How can America build the kind of bike network found in places like the Netherlands?
It’s a future I won’t live to see. But I remember what the great park designer Frederick Law Olmsted said when asked why he was building things that wouldn’t be finished until long after he was gone. “We did this for you,” he said.
Another example, closer to home, is of my late father in law, Bennie Steinhauser, a lifelong educator who planted trees near his ranch cottage when he was 85. He was my definition of an optimist. We should all be more optimistic.
Here’s my modest proposal. It’s a process, the specifics left to others. I call it the Five Mile Ring.
Start by taking advantage of suburban egos. Around Atlanta, as with most big cities, there are leaders who want to steal the center’s thunder. They have their own business recruitment groups, even their own tourist bureaus. (See DeKalb County!)

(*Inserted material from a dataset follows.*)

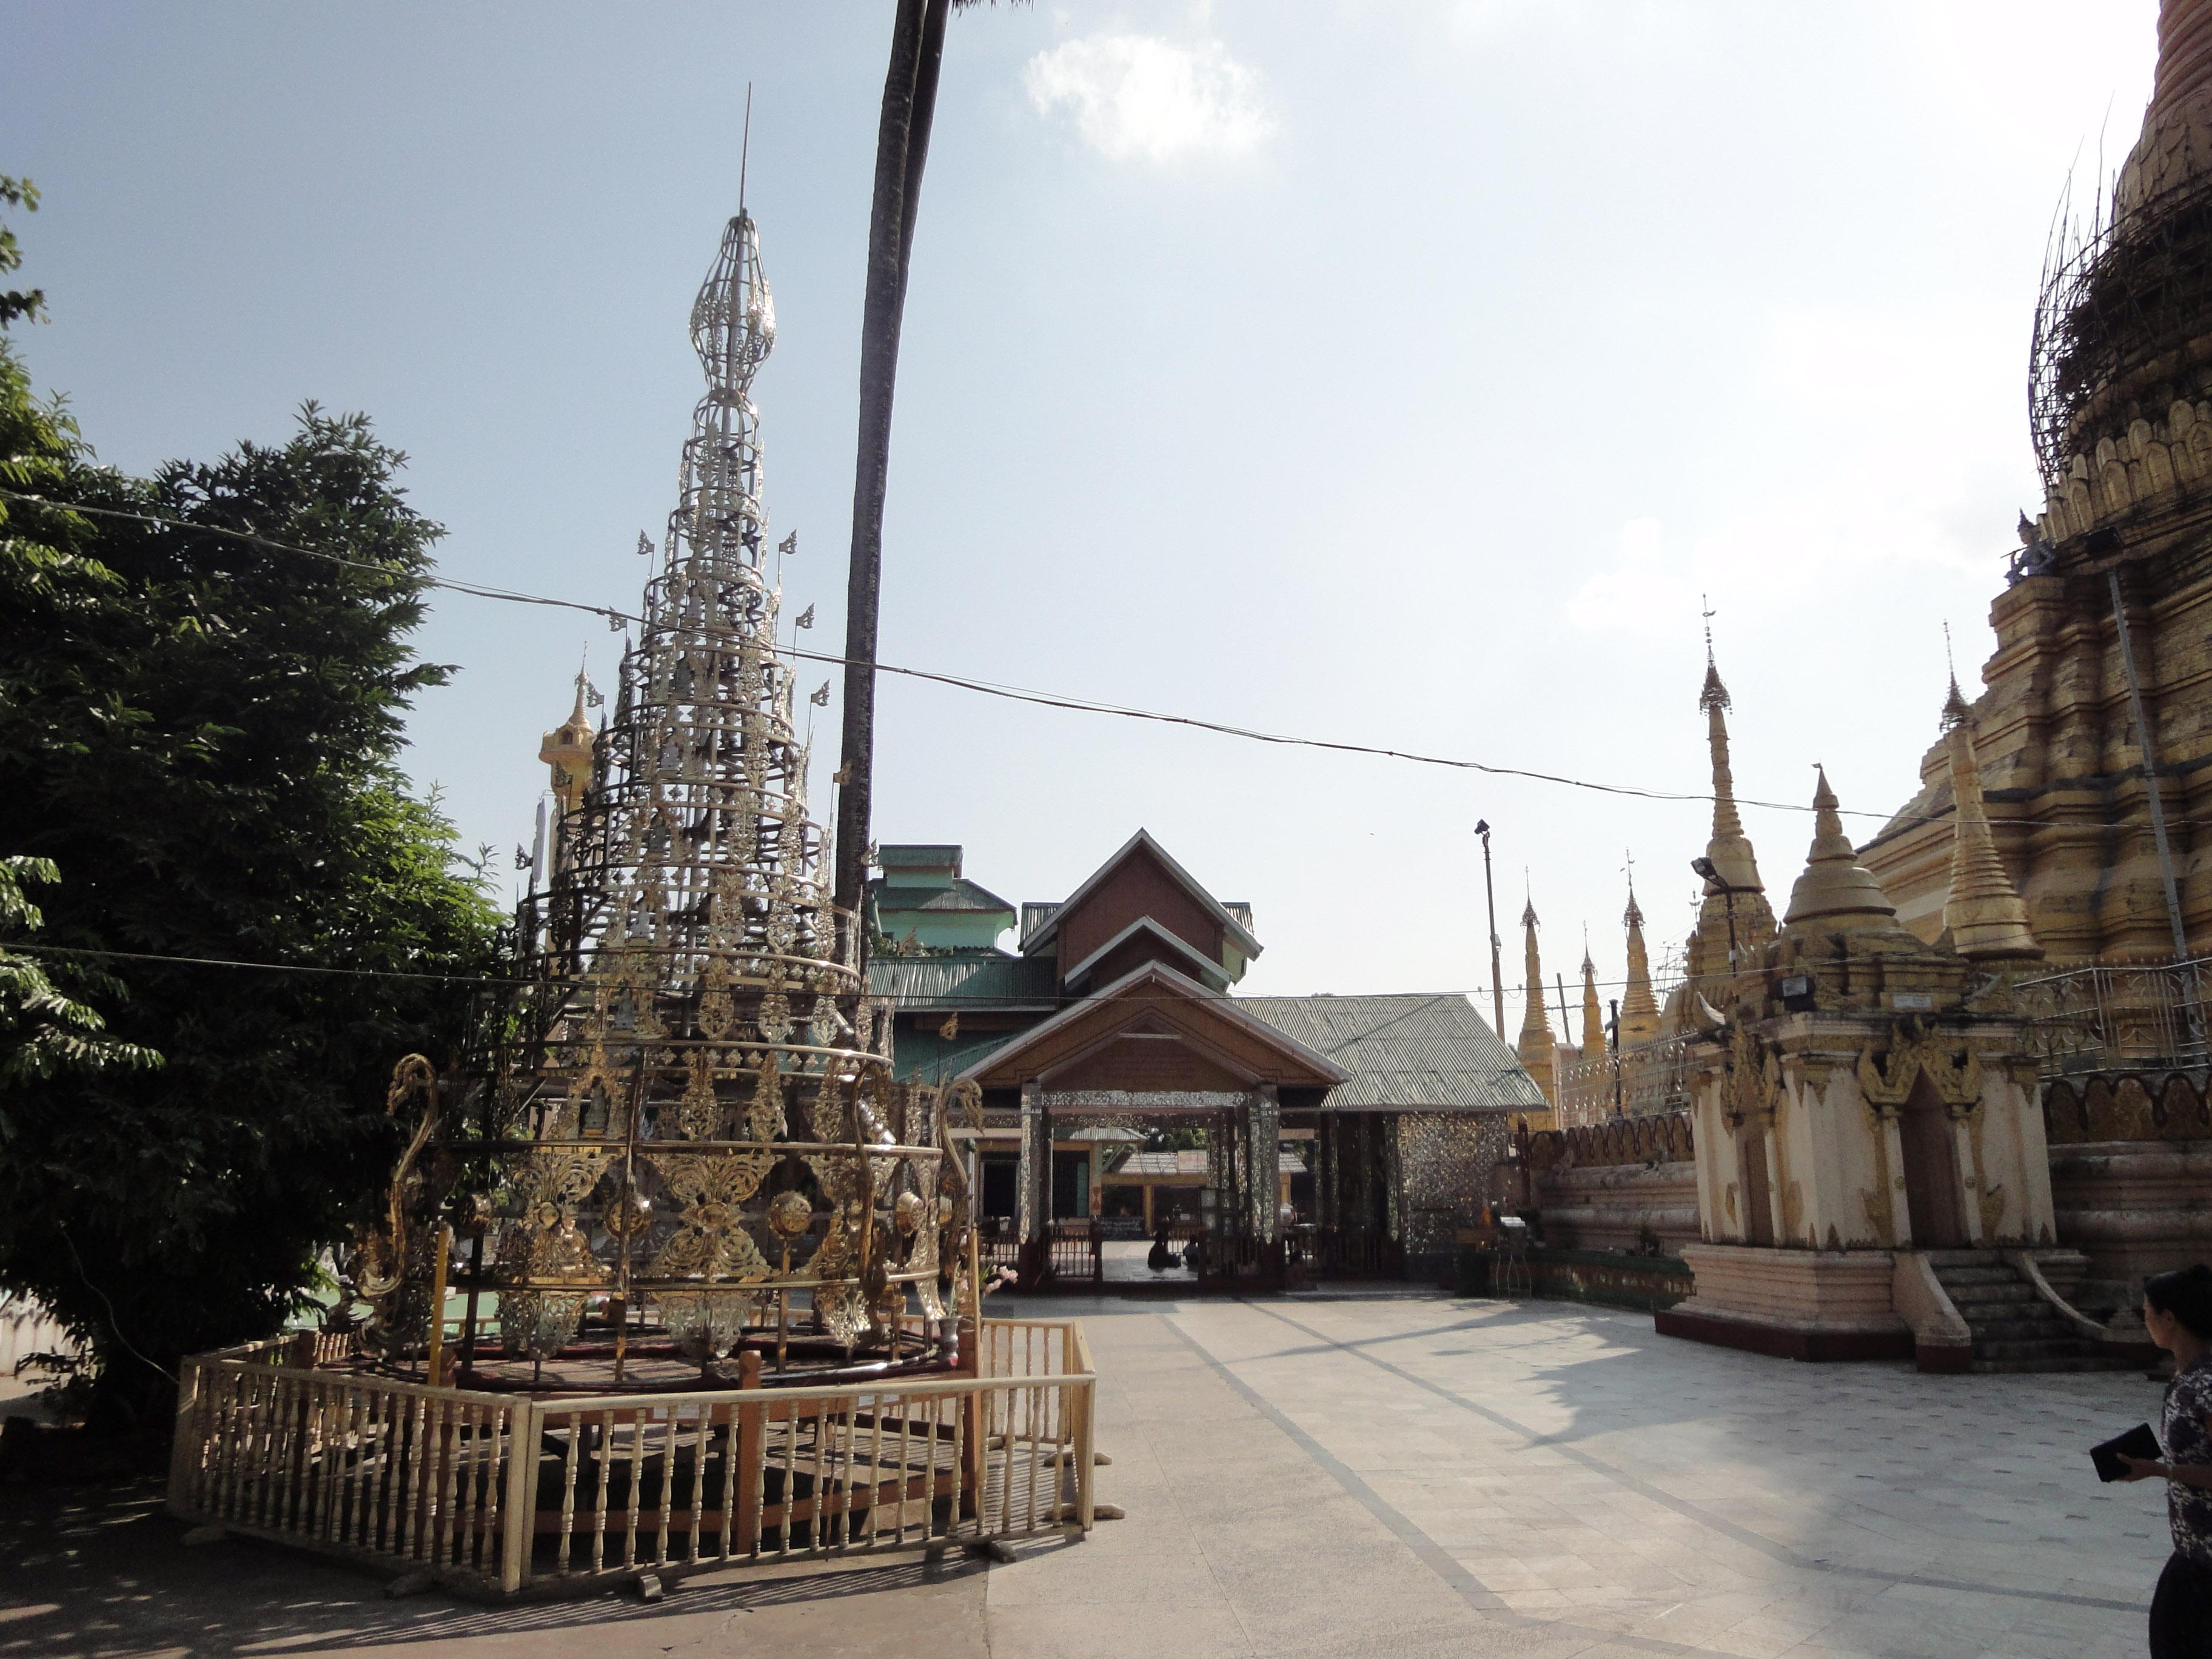 Kyaik Ka San Pagoda stupa crown design features South Oak ka lar 2009 05

Each suburb wants its own downtown. This may be built around a courthouse, a city hall, even a shopping district. We should encourage it. Encourage the construction of tall suburban buildings, first offices, then residences. Encourage suburban traffic jams, going into and out of these new centers, far from where people talk about mass transit.
It’s at this point that suburban leaders will see the need to support e-transport to their new centers. Paths for e-transport are the only possible solution. Draw a ring 5 miles from each center, and you have a 20 minute bike ride with enough density to support the path. There’s already a movement like this, encouraging “bike buses” for schools. Build around that.
What Comes Next
Dramatic increases in e-transport purchases, e-bikes, cargo bikes, e-mopeds, and scooters encourage this trend. Anyone with a bike, an e-bike, or any other kind of alternate transport saves huge amounts of money in getting around. They become the bottom-up drivers for the new trend. Do you want to spend 20 minutes getting into and out of your car, or do you want to spend 20 minutes getting where you want to go? Time saving, money saving, Earth saving.
Once you have e-transport trails to the new suburban centers, the next step is to connect the centers. The networks overlap if suburbs are within 10 miles of each other. People will start biking between Decatur and Chamblee, or between Marietta and Dunwoody, if they have safe paths on which to do it.
Very soon suburbs will reach out to one another, building fast bike lanes that act as tourist attractions, like Atlanta’s Silver Comet Trail. There is room in the exurbs for spectacular trails to be built, enhancing property values all along them, as the Silver Comet has created density west of Atlanta in places like Hiram and Dallas.
I don’t expect to see the end of this process. It’s a 20 year vision. But so was the Atlanta Beltline.